リリアの母は、きっとこの景色を見て過ごしたのだろう。
「……母様」
リリアは母の姿を知らずに育ったが、目の前に広がる景色を見ていると、傍に母がいるような気がして、リリアの瞳から勝手に涙がこぼれ落ちた。
「リリア」
突然リリアの後ろから声がしたので、慌てて涙を拭って振り向くと、そこにはハイドが立っていた。
「ここがリリアの育った世界か……」
ハイドはリリアの隣に立ち、リリアと同じ景色を眺めた。
「違う……。ここは私がいた世界ではないわ」
「……そうか」
いつも冗談ばかり言っているハイドが、何も言わずに傍にいるので、再びリリアの目から涙が溢れた。
「可笑しいね……。全然悲しくなんかないのに」
リリアはハイドに泣き顔を見られないように、横を向いて必死で涙を止めようとした。
ハイドはそんなリリアの肩を抱き、リリアの涙が止まるまで黙って傍にいた。
「リリア」
聞き覚えのある懐かしい声に、リリアは振り返った。
「アスラン!」
アスランはすっかり成年の顔をしていて、体もずいぶん逞しくなっていた。
「リリア。目覚めた頃かと思って迎えに来たが……。
一体そこで何をしている?」
アスランはハイドに敵意を向けた表情で言った。
仕方がない。
見知らぬ悪魔が泣き顔のリリアの肩を抱いているところを見られたのだ。
「アスラン、違……!」
アスランはリリアの手を強引に引っ張った。
リリアがハイドの方を振り返ると、ハイドは、
「リリア。俺はここで待っているから」
と、笑顔で言った。
「アスラン、痛い……」
アスランはしばらく黙ってリリアの手を引っ張っていたが、途中で立ち止まり、リリアの方に振り向いた。

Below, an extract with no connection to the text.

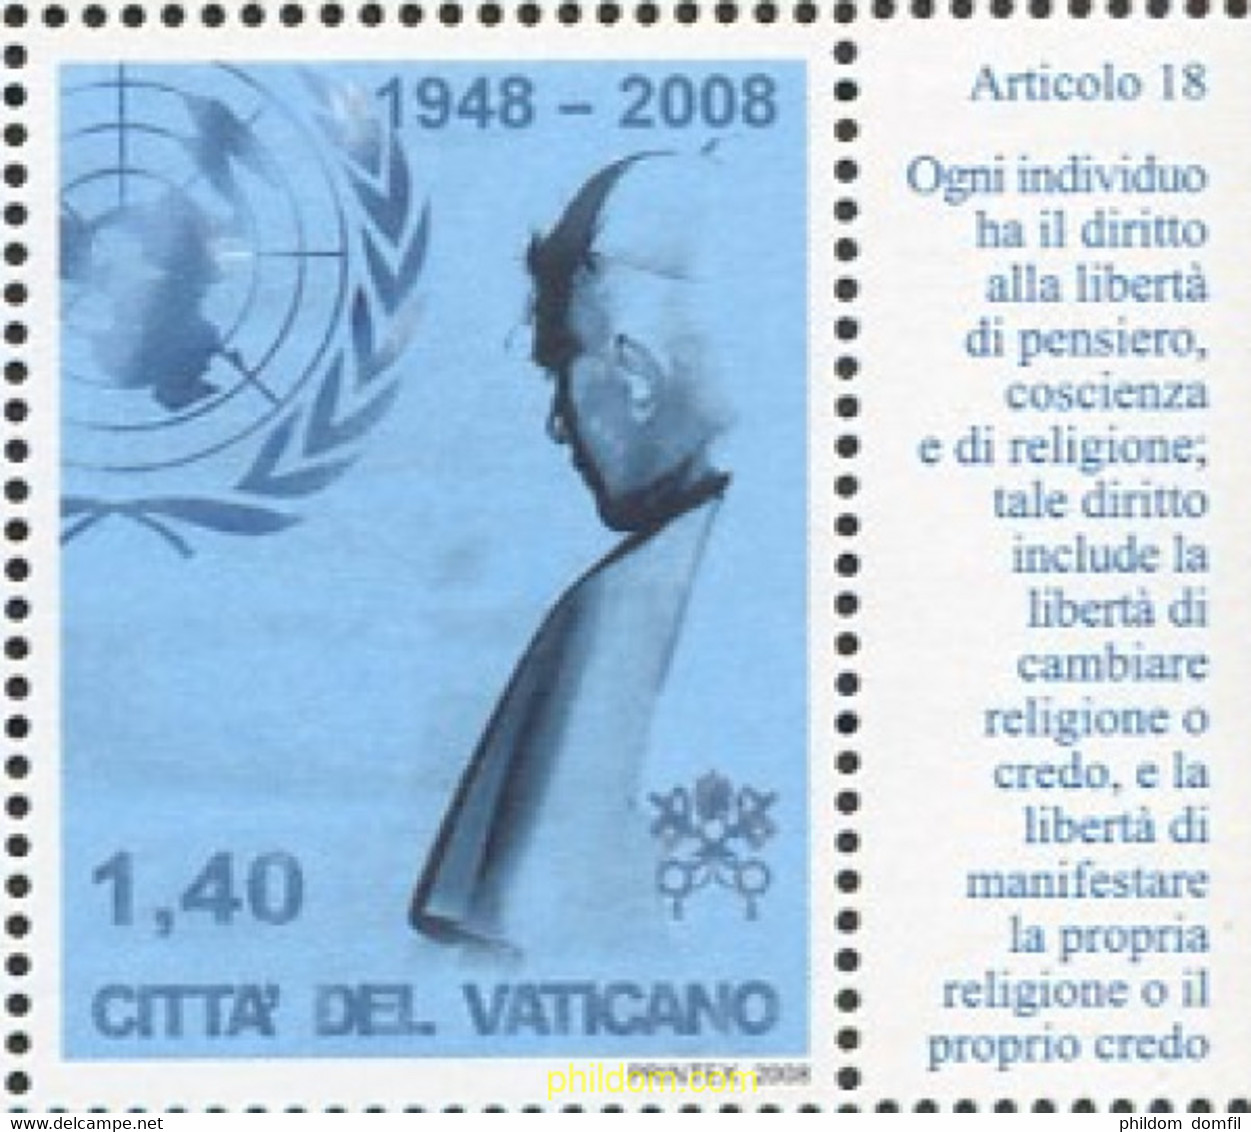 688549 MNH VATICANO 2008 VISITA DEL PAPA BENEDICTO XVI A LA ONU - Oblitérés

「リリア。この世界にお前を戻しに来たラルフは良いが、何故悪魔が増えている?
それに、お前は何故、あそこで泣いていたんだ」
「アスラン。悪魔ではなくて、ハイドよ」
「名前などどうでも良い。
リリア、辛い目に合っていなかったか?」
「うん」
「十年経ってもラルフと結婚していないのは、ラルフと上手くいかなかったって事だな」
「アスラン……」
久しぶりに会ったアスランは、昔のアスランではなかった。
昔のアスランは、リリアのどんな話でも優しく微笑みながら聞いてくれた。
今のアスランは眉間に皺が深く刻まれ、リリアを萎縮させた。
人間は時の流れと共に心も姿も変わってゆく。
アスランは再びリリアの手を引き、黙って王の間へ向かった。